## DATA UNDER STUDY
################
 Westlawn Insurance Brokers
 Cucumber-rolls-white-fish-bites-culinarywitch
################
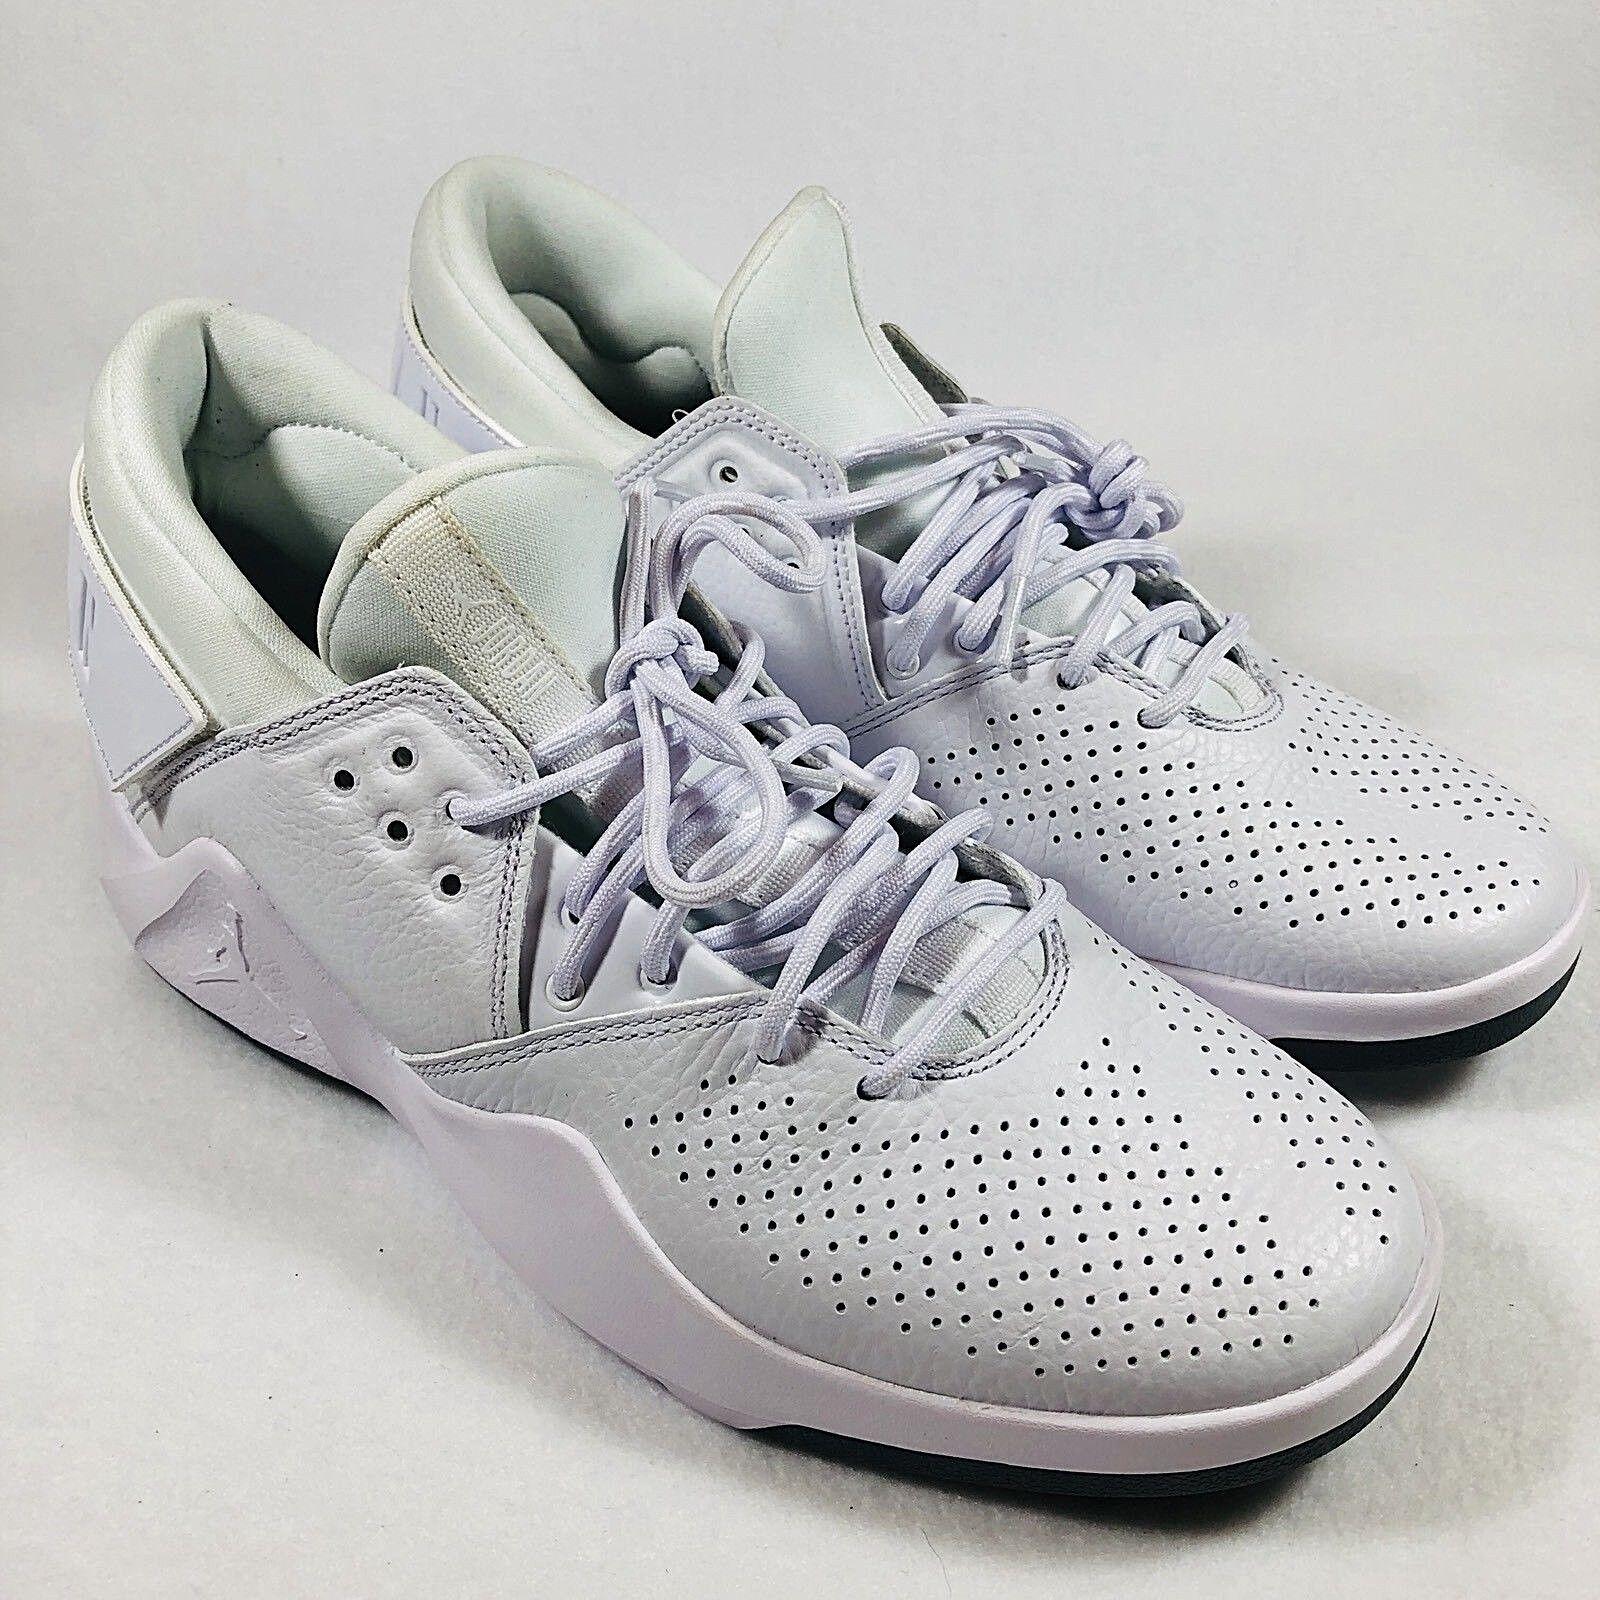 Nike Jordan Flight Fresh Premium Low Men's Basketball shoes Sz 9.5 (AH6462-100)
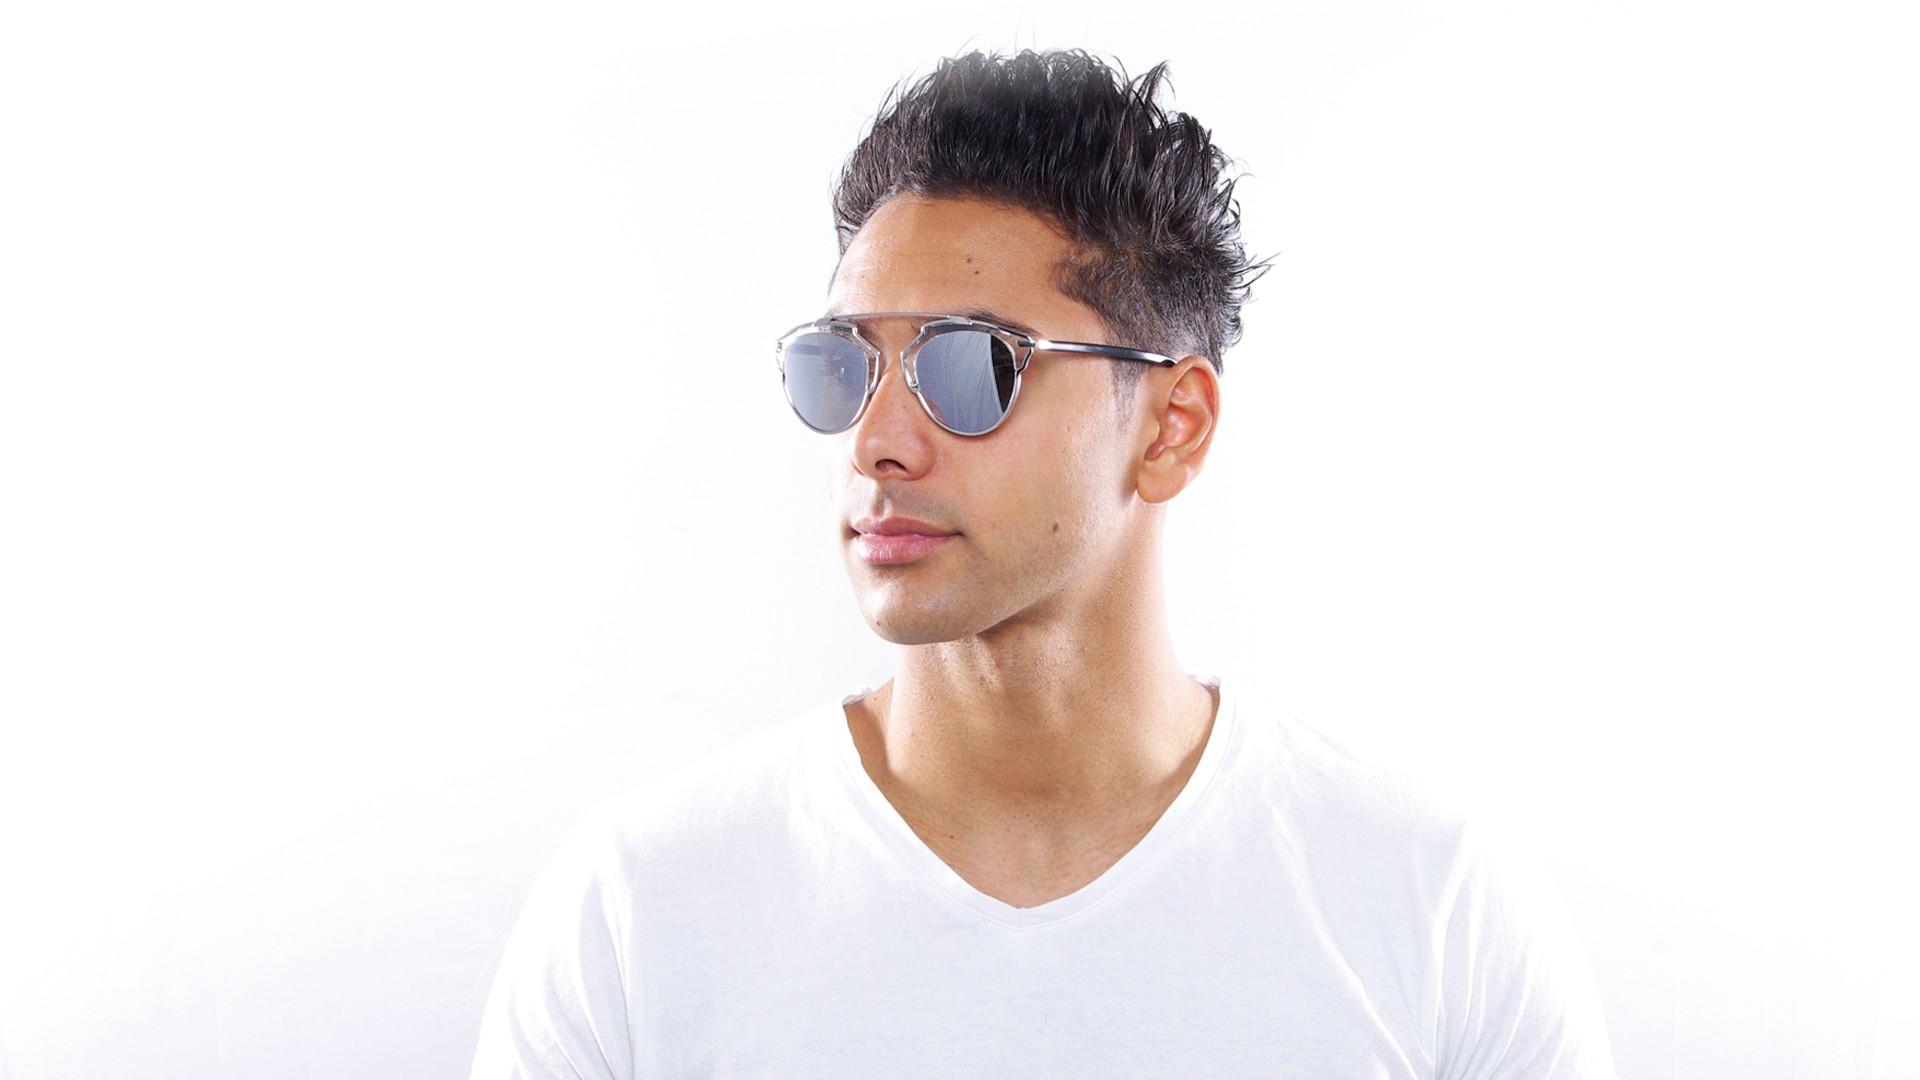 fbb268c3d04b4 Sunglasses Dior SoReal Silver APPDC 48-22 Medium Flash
################
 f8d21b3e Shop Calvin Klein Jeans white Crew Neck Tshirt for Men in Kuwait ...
################
## EXERCISE
Extract exactly and only the lines above from the line containing "Westlawn Insurance Brokers" through the line containing "Cucumber-rolls-white-fish-bites-culinarywitch", both end lines included.

## TASK RESPONSE
 Westlawn Insurance Brokers
 Cucumber-rolls-white-fish-bites-culinarywitch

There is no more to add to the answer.